Log are genrated and sent to kafka servers, Its time to build the etl consumer to transform these logs and load to psql run:
$ cd ../ConsumerETL/
$ mvn package
Run the ETL Consumer
$ java -jar target/ConsumerETL.jar
Now the log has been tarnsformed and loaded to psql Database.

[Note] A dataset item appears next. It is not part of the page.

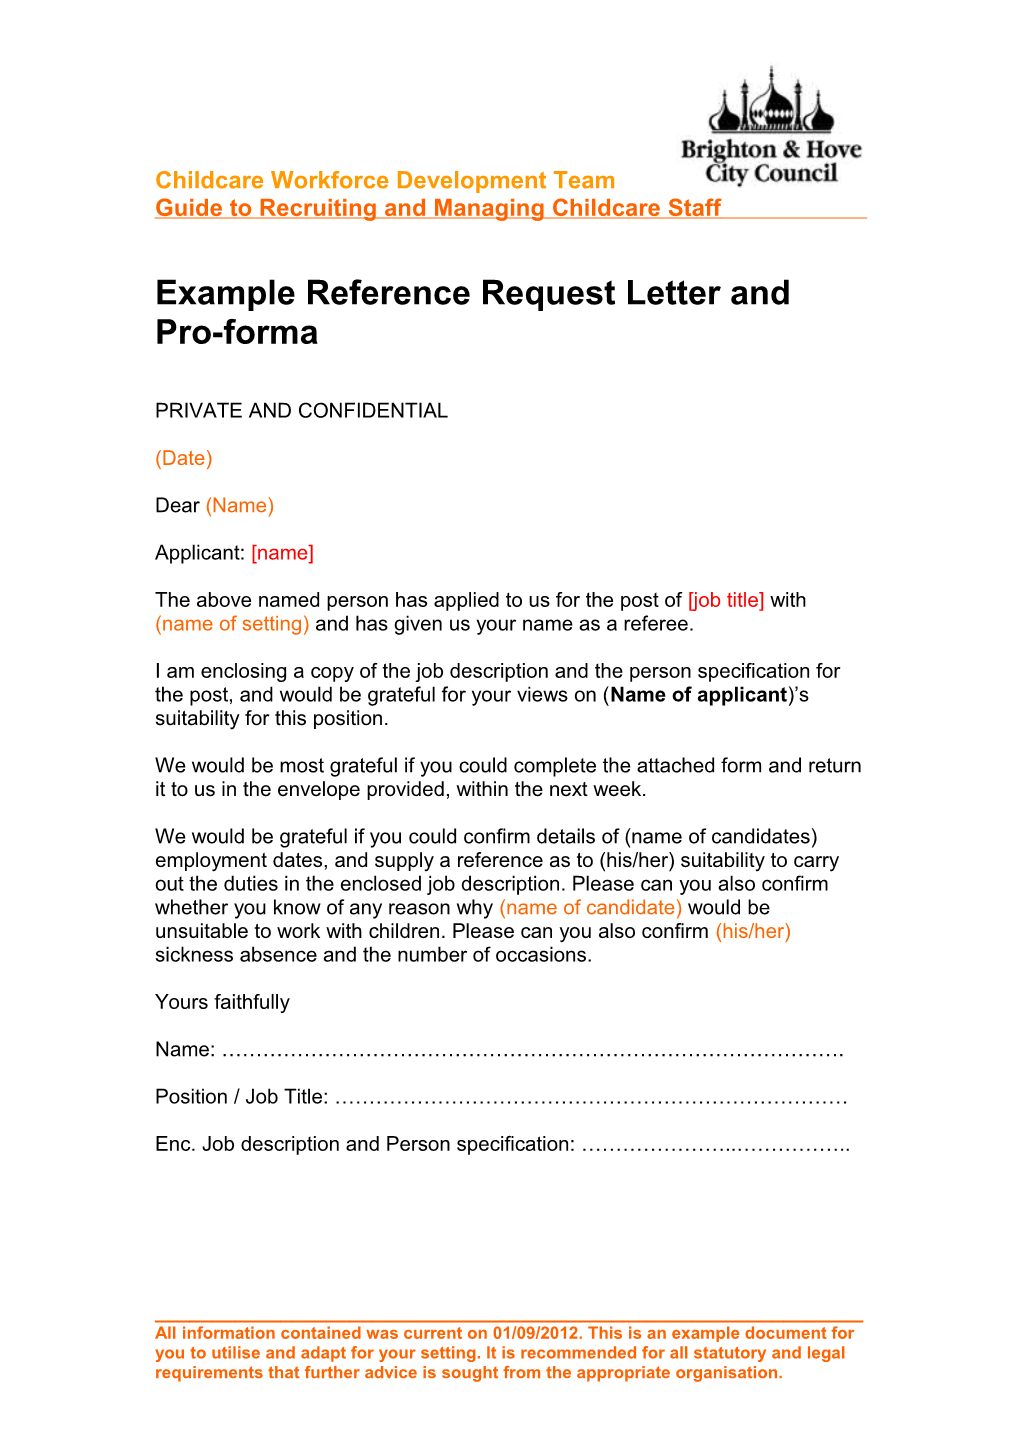 Example Reference Request Letter and Pro-Forma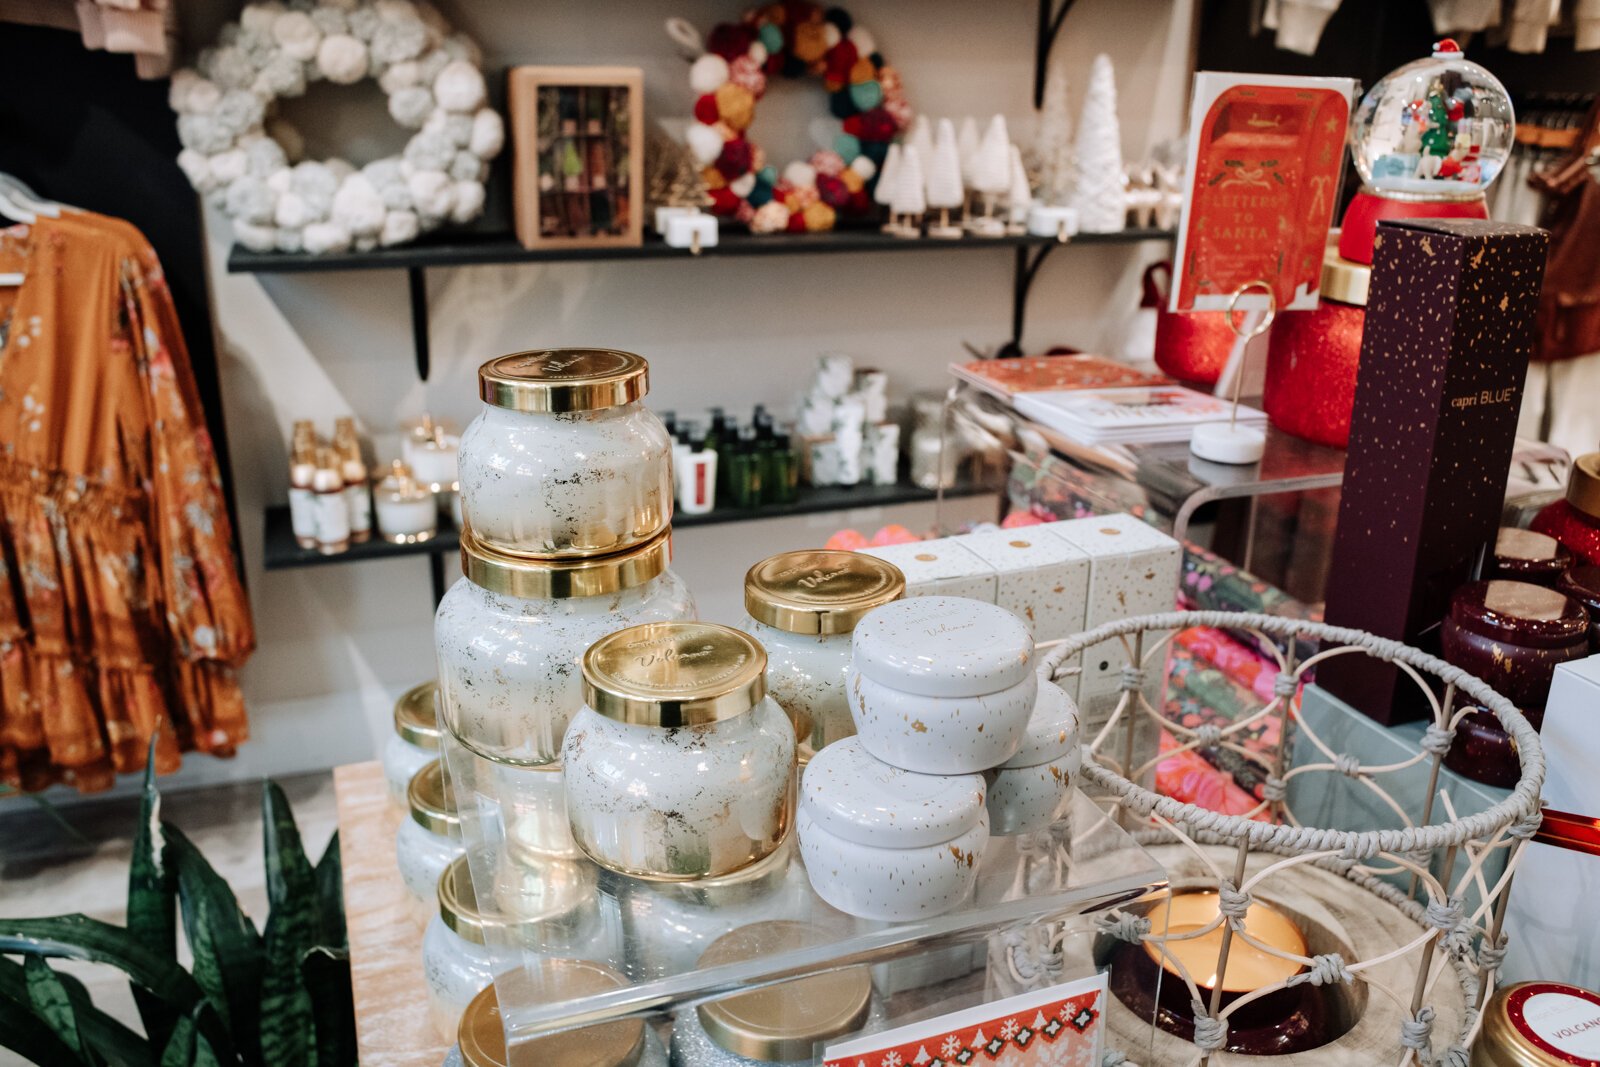 Elysian Co. at 110 E. Center St. in Warsaw features a wide variety of gift options.

Here is the activity table in Psql
equip_id | type | name | role | time | id
----------+--------+---------+-------+-------------------------+-----
1769 | login | Name0 | admin | 2018-09-15 10:45:00.906 | 0
1770 | login | Name1 | admin | 2018-09-15 10:45:01.031 | 1
1771 | login | Name2 | admin | 2018-09-15 10:45:01.032 | 2
1772 | login | Name3 | admin | 2018-09-15 10:45:01.033 | 3
.
.
.
1904 | update | Name135 | user | 2018-09-15 10:45:01.124 | 135
1905 | update | Name136 | user | 2018-09-15 10:45:01.124 | 136
1906 | update | Name137 | user | 2018-09-15 10:45:01.125 | 137
1907 | update | Name138 | user | 2018-09-15 10:45:01.126 | 138
1908 | update | Name139 | user | 2018-09-15 10:45:01.126 | 139
(140 rows)
And the login table in Psql
equip_id | name | role | time | id | age
----------+--------+-------+-------------------------+----+-----
335 | Name0 | admin | 2018-09-15 10:43:15.486 | 0 | 50
336 | Name1 | admin | 2018-09-15 10:43:15.609 | 1 | 50
337 | Name2 | admin | 2018-09-15 10:43:15.061 | 2 | 50
338 | Name3 | admin | 2018-09-15 10:43:15.061 | 3 | 50
339 | Name4 | admin | 2018-09-15 10:43:15.611 | 4 | 50
.
.
.
.
.
363 | Name28 | admin | 2018-09-15 10:43:15.627 | 28 | 50
364 | Name29 | admin | 2018-09-15 10:43:15.628 | 29 | 50
(30 rows)
After setting up the project the starting point for you, would be the class etl.transformer.Tranformer.java
public class Transformer {
...........
.....
...
..
/**
* Tranaform data in messeges and Load to psql
*
* @throws ParseException
* @throws java.text.ParseException
*/
public static void transform(String msg) throws ParseException, java.text.ParseException {
JSONParser parser = new JSONParser();
JSONObject json = (JSONObject) parser.parse(msg);
JSONObject person = (JSONObject) parser.parse(json.get("Person").toString());
...
..
.
The method Transformer.transform(msg) will be called when ever there is data avialable on kafka brokers, By using this method data transformation can be done according to the requirments.
Note:You will also need to add pojo and hibernateImpl classes in the project under the packages etl.pojo and etl.dao.psotgreImpl, respectively--According to the schemas of Database you are using.